Email::MIME::Kit v3 will fix-and-or-break your code
Ever since its early releases, Email::MIME::Kit had a big problem. It screwed up encodings. Specifically, imagine this manifest (I’m kinda skipping some required junk):
# manifest.yaml
renderer: TemplateToolkit
headers:
- Subject: "Message for [% name %]"
alternatives:
- type: text/plain
path: body.txt
- type: text/html
path: body.html
The manifest turns into a data structure before it’s used, and the subject header is a text string that, later, will get encoded into MIME encoded-words on the assumption that it’s all Unicode text.

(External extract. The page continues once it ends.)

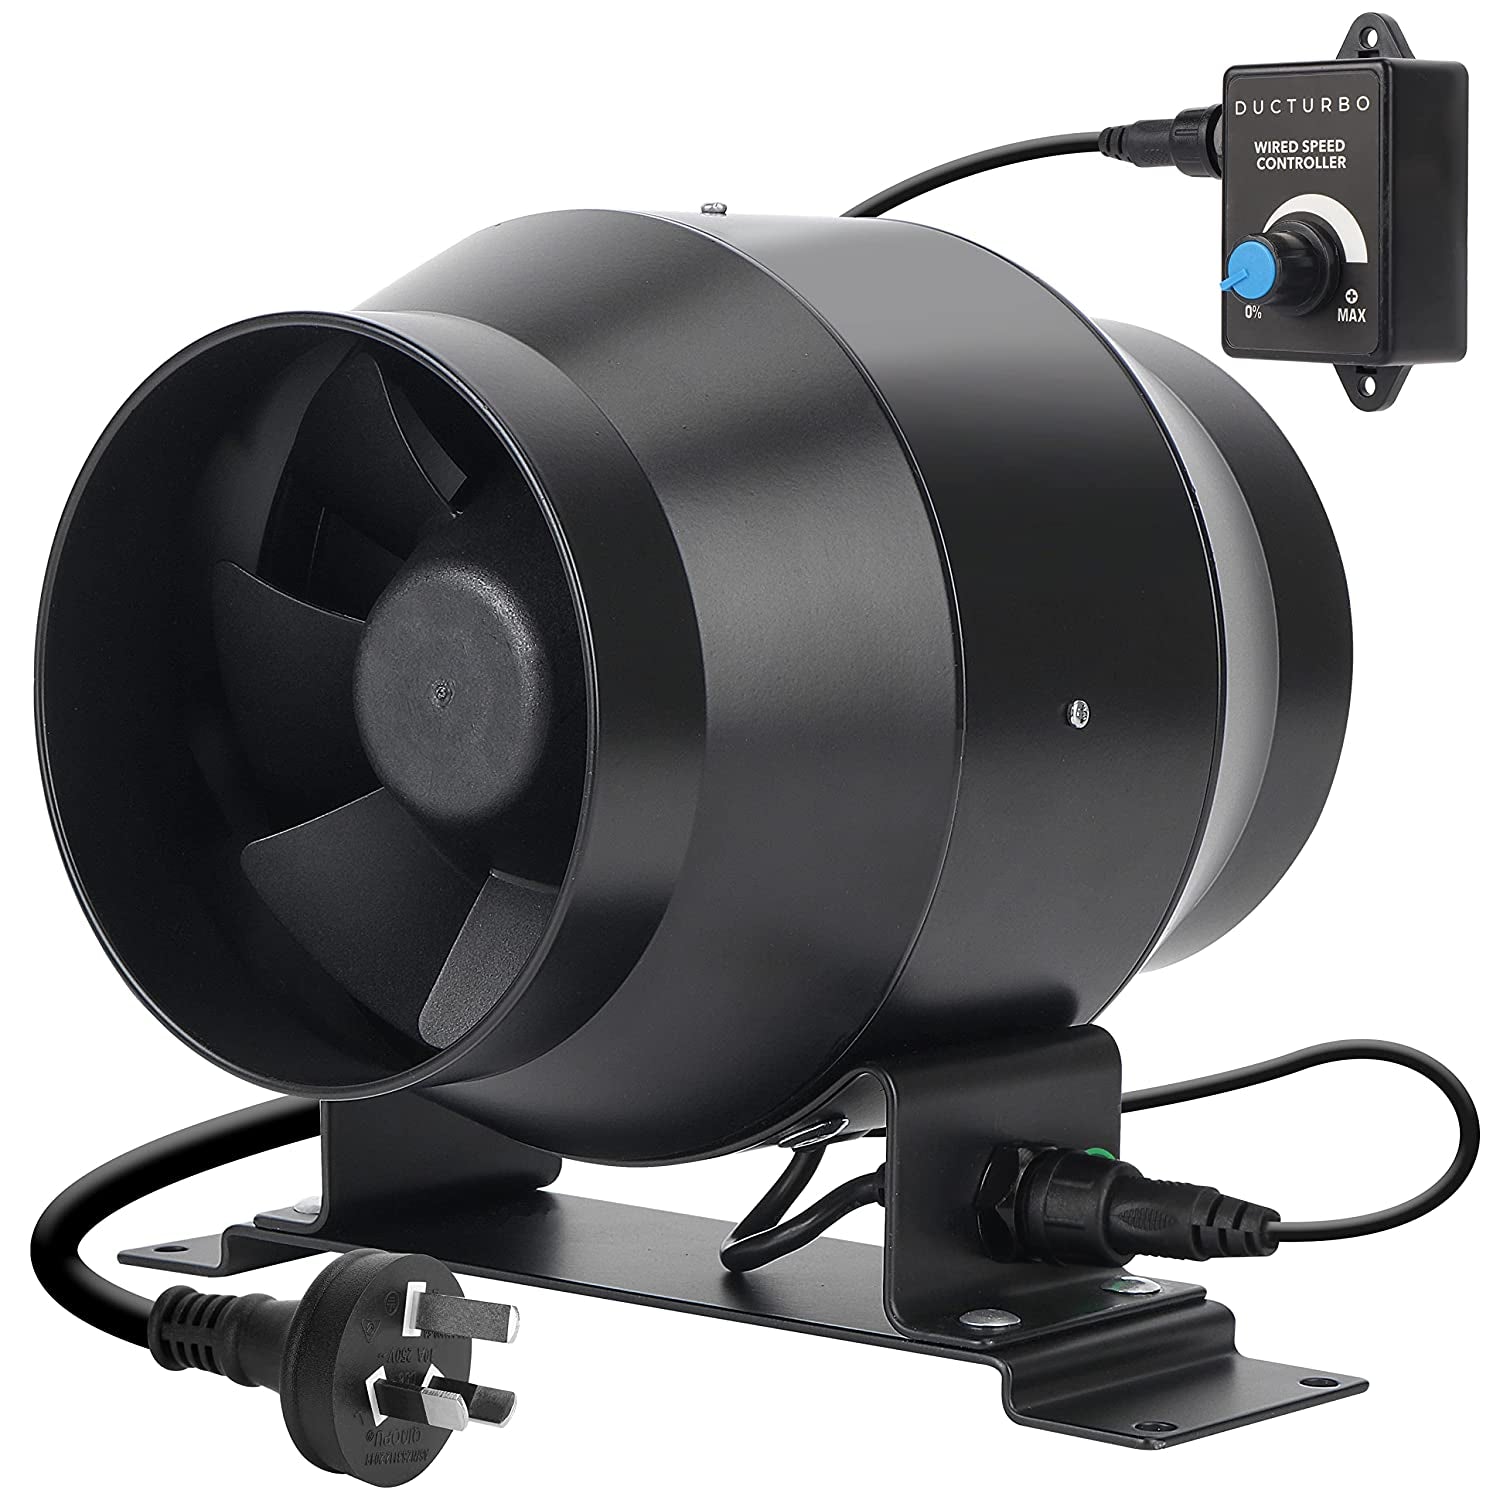 DUCTURBO, DUCTURBO 4 Inch Inline Duct Fans, 160 CFM Ventilation Exhaust Fan Ideal for Indoor Heating Cooling Transfer or Grow Tents Air Boosting, with Variable Speed Controller
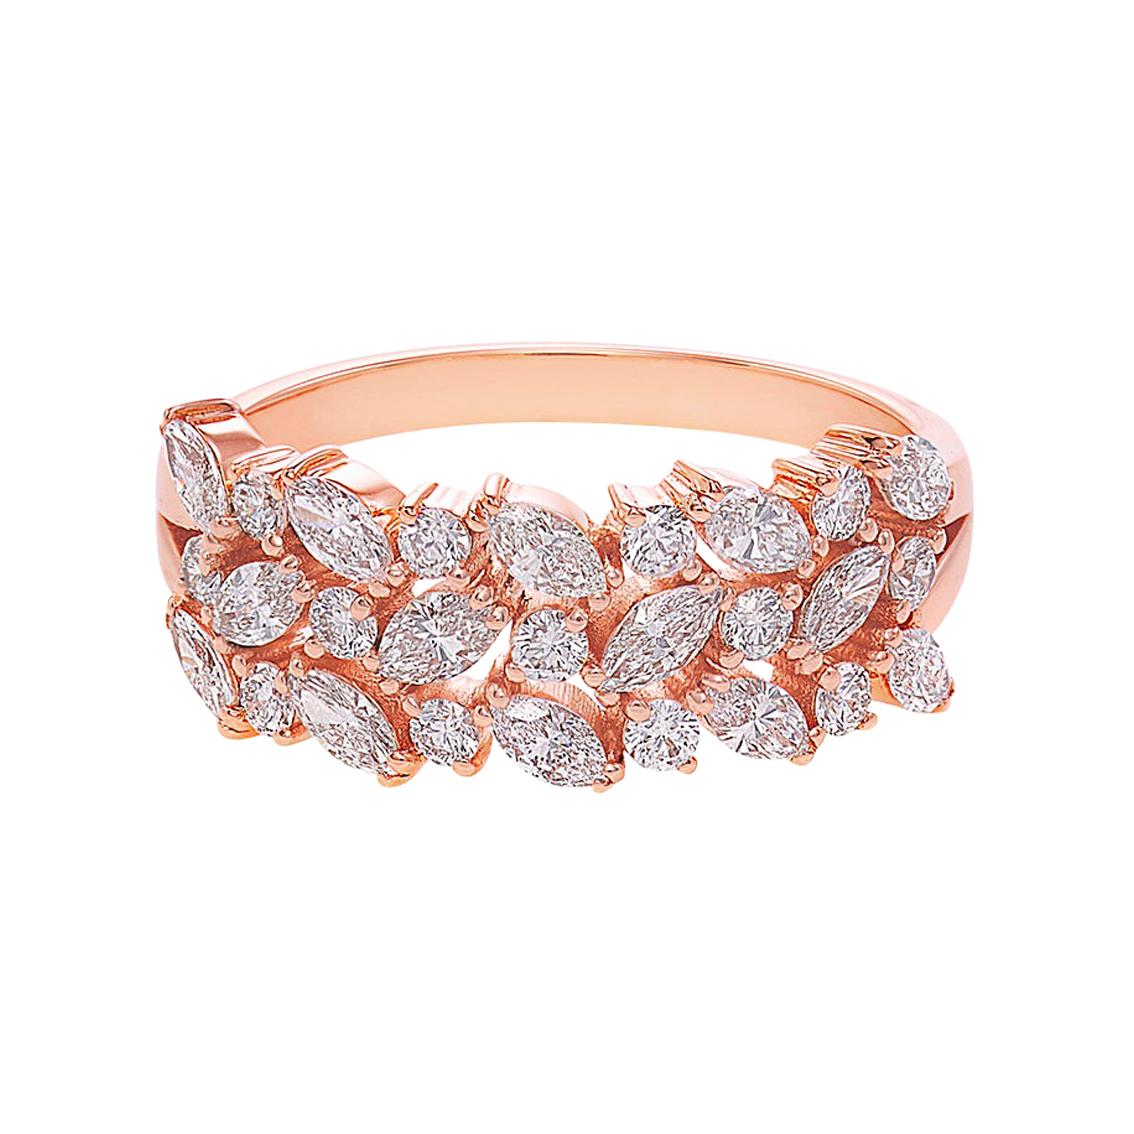 For Sale:  Three Rows Marquise Cut Diamond Unique Wedding Ring Band 18k Rose Gold

The files on disk are read with :raw
, then filled in as-is, and trusted to
already be UTF-8.
If your customer’s name is Распутин, strangely enough, you’re okay. The header
handling encodes it properly, and the wide characters (because Cyrillic
codepoints are all above U+00FF) turn into UTF-8 with a warning. On the other
hand, for some trouble, consider Ævar Arnfjörð Bjarmason. All those codepoints
are below U+0100, so the non-ASCII ones are encoded directly, and you end up
with =C6
(Æ) in your quoted-printable body instead of =C3=86
(Æ UTF-8
encoded).
Now, you’re probably actually okay. Your email is not correct, but email clients are good at dealing with your (read: my) stupid mistakes. If your email part says it’s UTF-8 but it’s actually Latin-1, mail clients will usually do the right thing.
The big problem is when you’ve got both Ævar Arnfjörð Bjarmason and Распутин both in your email. Your body is a mish mash of Latin-1 and UTF-8 data.
In Email::MIME::Kit v3, templates (or non-template bodies) loaded from disk are
— if and only if they’re for text/*
parts — decoded into text and then, when
the email is assembled, it’s encoded by Email::MIME’s usual header_str
handling.
There’s a case where this can start making things worse, rather than better. If you know that templates in files are treated as bytes, you might be passing in strings pre-encoded into UTF-8. If that was the case, it will now become mojibake.
Finally, plugins that read kit contents for uses as text will need upgrading.
The only one I know of like this is my own
Email::MIME::Kit::Assembler::Markdown. I will fix it. The trick is: look at
what content-type is being built and consider using get_decoded_kit_entry
instead of get_kit_entry
.
I think this is an important change, and worth the breakage. Please look at your use of EMK and test with v3.